The Ministry of Electronics and Information Technology’s Indian Computer Emergency Response Team (CERT-In) has identified several high-severity vulnerabilities in Apple’s iOS, iPadOS, and macOS, along with Google’s ChromeOS and Mozilla’s Firefox internet browser. iOS is utilized on iPhone models, iPadOS on iPads, and macOS on Mac machines. According to CERT-In, these vulnerabilities possess the potential to circumvent security measures, leading to denial-of-service (DoS) attacks that render the affected devices inoperable.
Machines running macOS Catalina with security updates before 2022-005, macOS Big Sur versions prior to 11.6.8, and macOS Monterey versions before 12.5 are particularly susceptible, as indicated by CERT-In. Exploiting these vulnerabilities involves convincing a user to visit a malicious website, allowing a remote attacker to execute arbitrary code, bypass security protocols, and induce DoS conditions on the targeted system.
The macOS vulnerabilities stem from out-of-bounds read in AppleScript, SMB, and Kernel, as well as out-of-bounds write in Audio, ICU, PS Normalizer, GU Drivers, SMB, and WebKit.

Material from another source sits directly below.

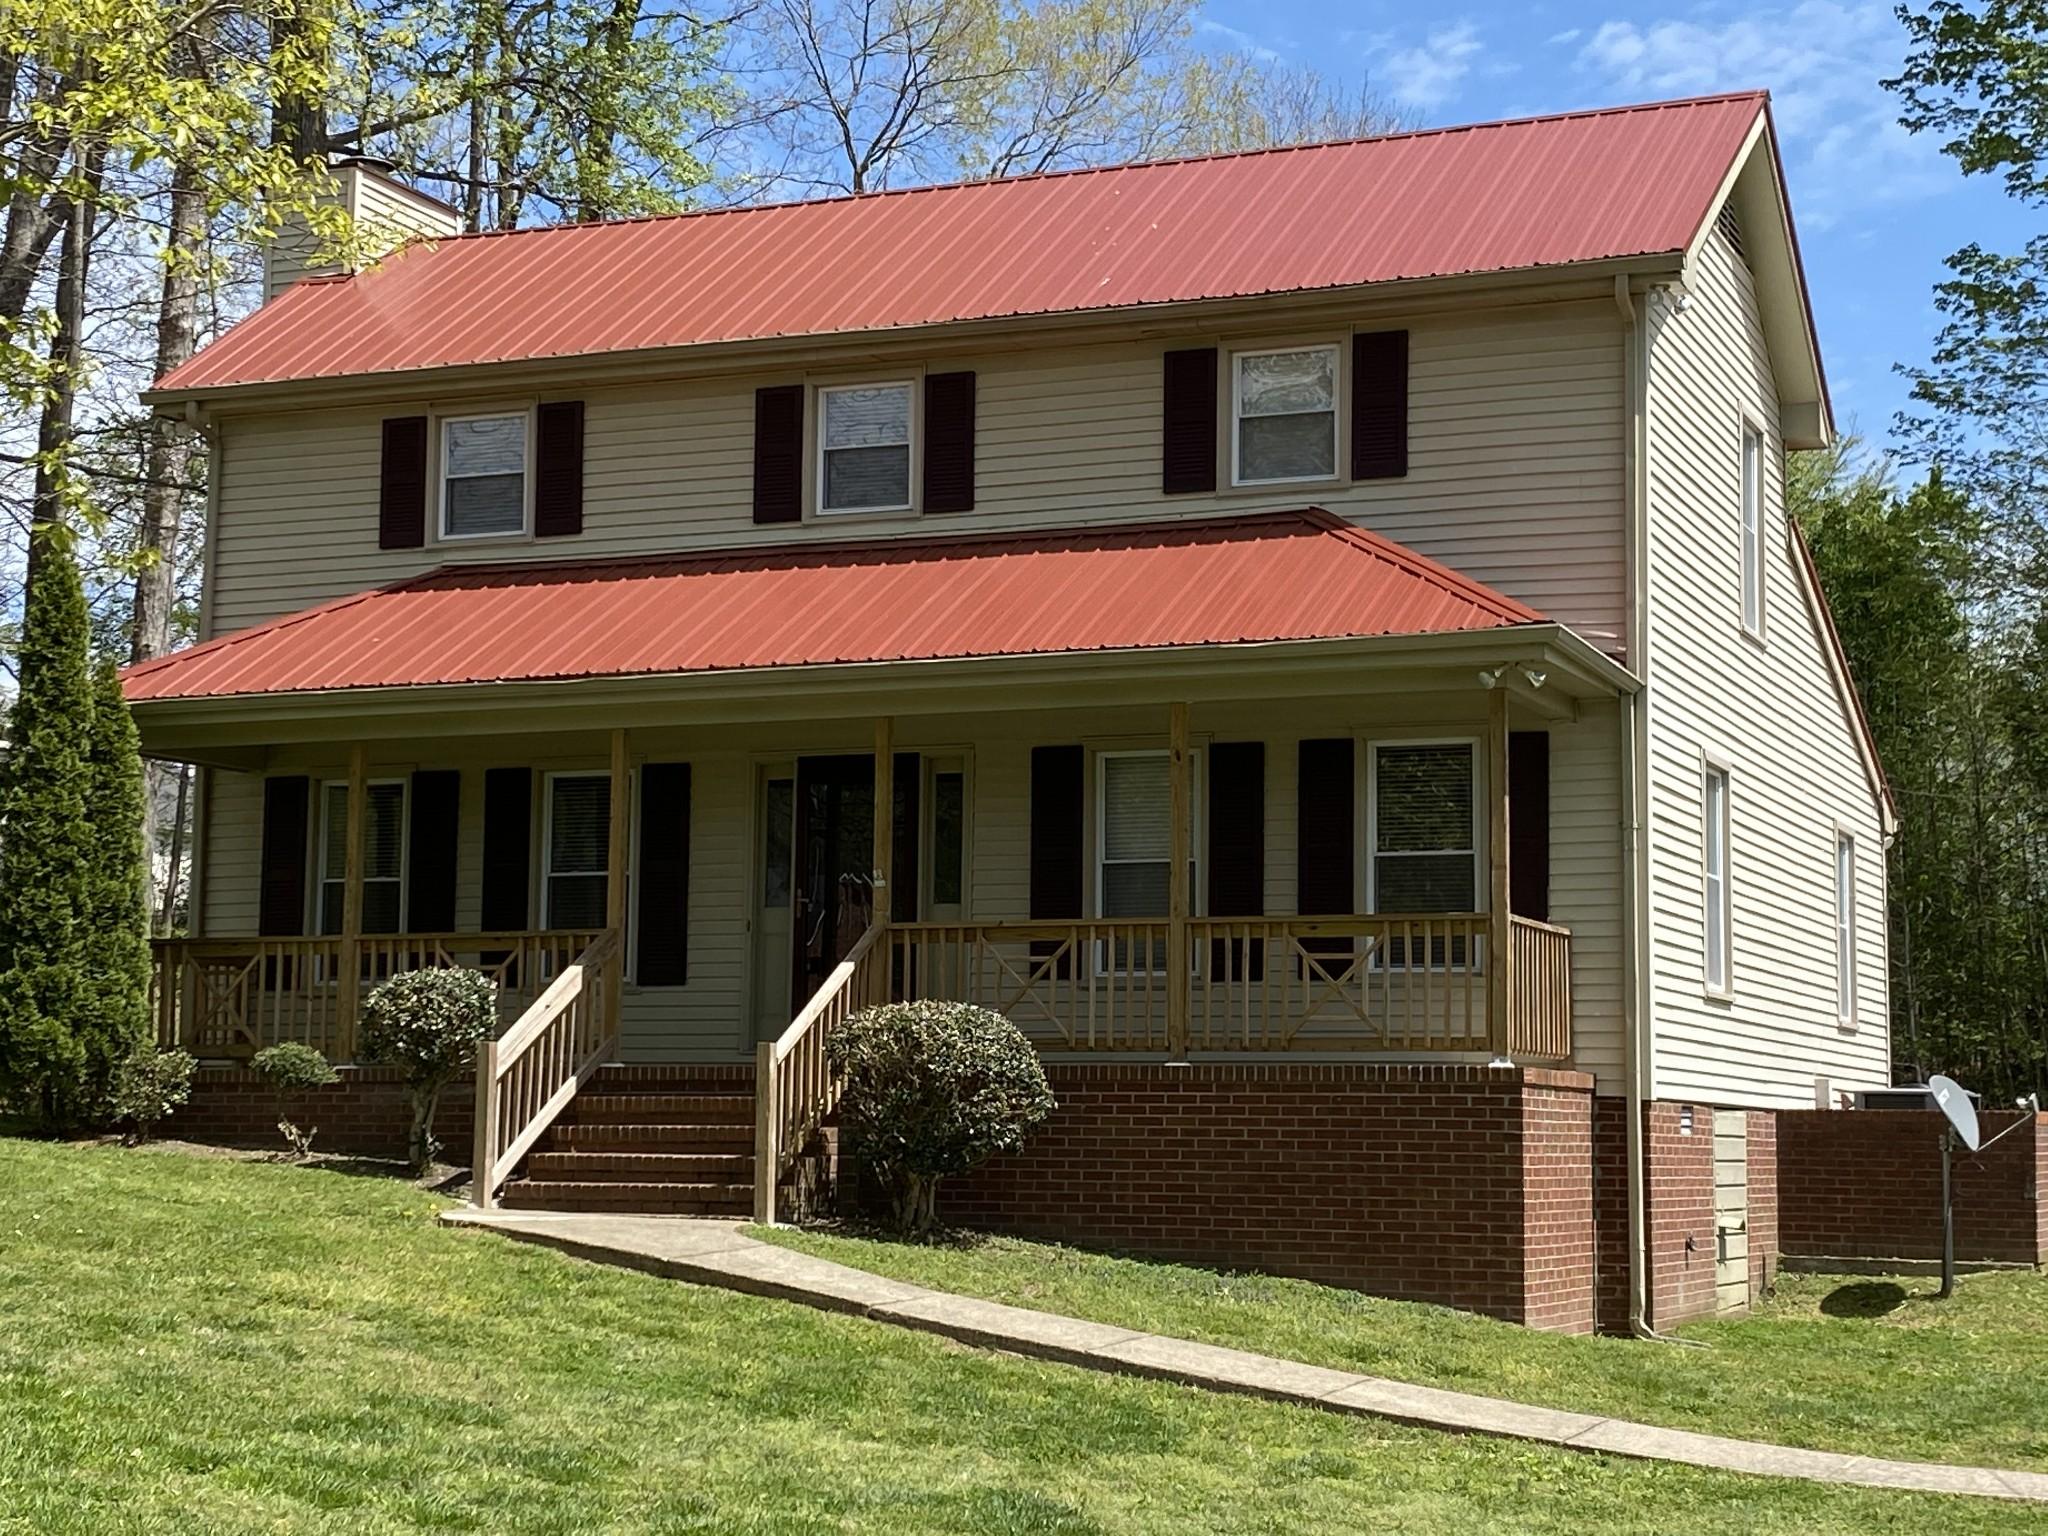 826 Hillside Dr Property Photo - Springfield, TN real estate listing

Authorization issues were identified in AppleMobileFileIntegrity, and information disclosure in the Calendar and iCloud Photo Library.

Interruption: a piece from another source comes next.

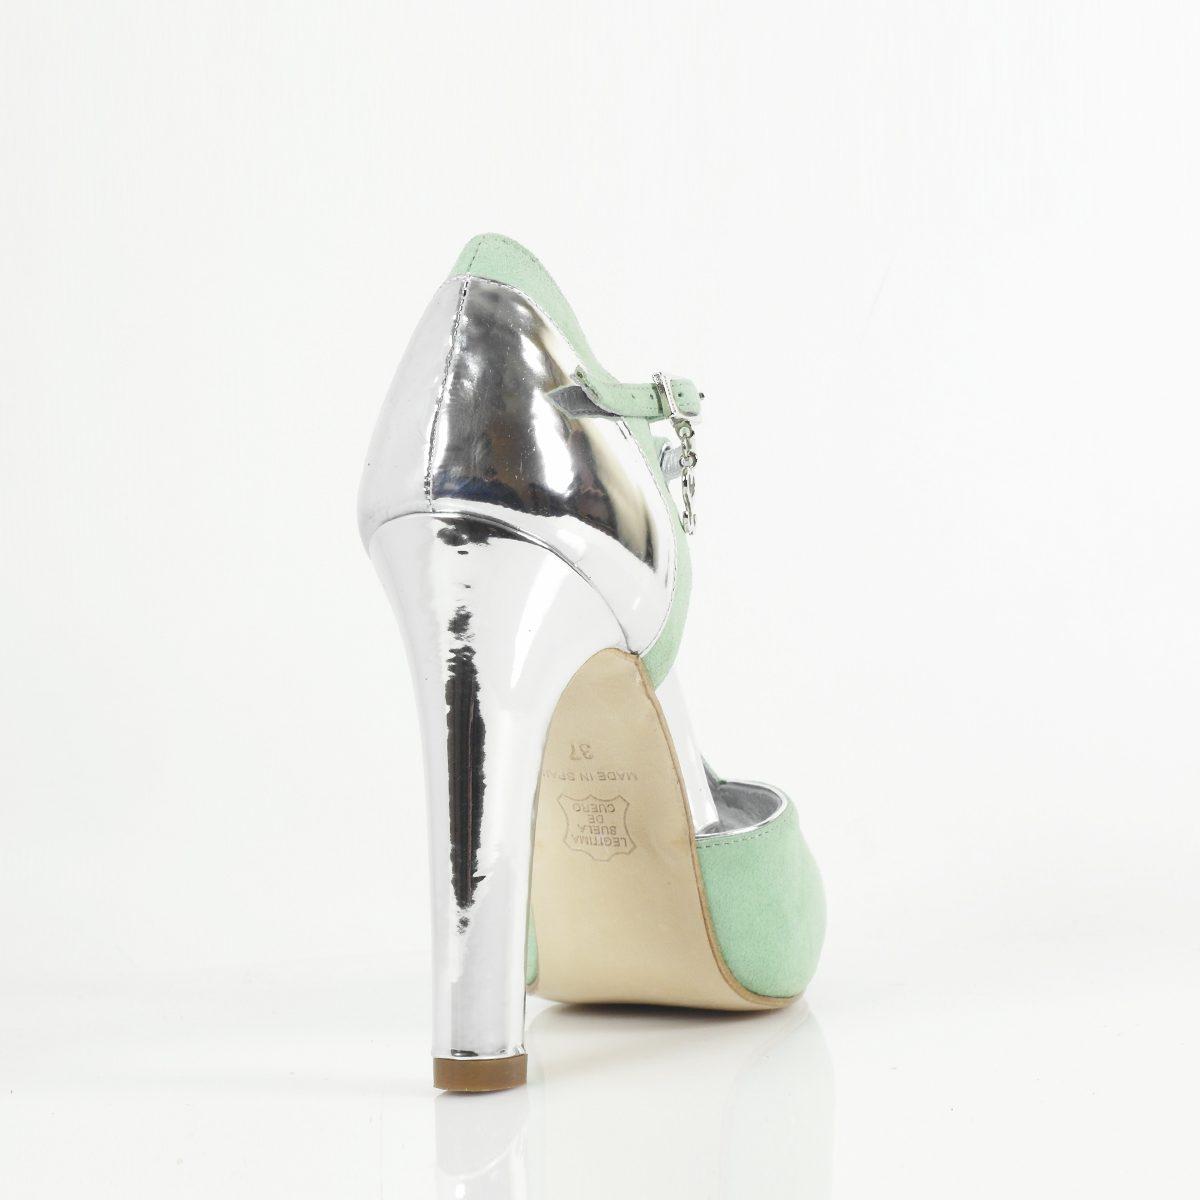 SANDALIA MOD.1960 (10,5cm) - Zapatos Personalizados Fiesta

Similar vulnerabilities affect iOS and iPadOS versions before 15.6, involving out-of-bounds write in Audio, ICU, GPU Drivers, and WebKit, out-of-bounds read in ImageIO and Kernel, and authorization issues in AppleMobileFileIntegrity, among others.
Mozilla Firefox versions before 103, ESR versions before 102.1, and 91.12 are susceptible to memory safety bugs within the browser engine, preload cache bypasses subresource integrity, and the leakage of cross-site resource redirecting information when using the Performance API.
Google ChromeOS, in LTS channel versions before 96.0.4664.215, faces vulnerabilities such as out-of-bounds read in the compositing component, incorrect implementation in Extension API, and a use-after-free error within the Blink XSLT component.
CERT-In advises users to mitigate these vulnerabilities by promptly installing software updates for the respective operating systems and Mozilla Firefox.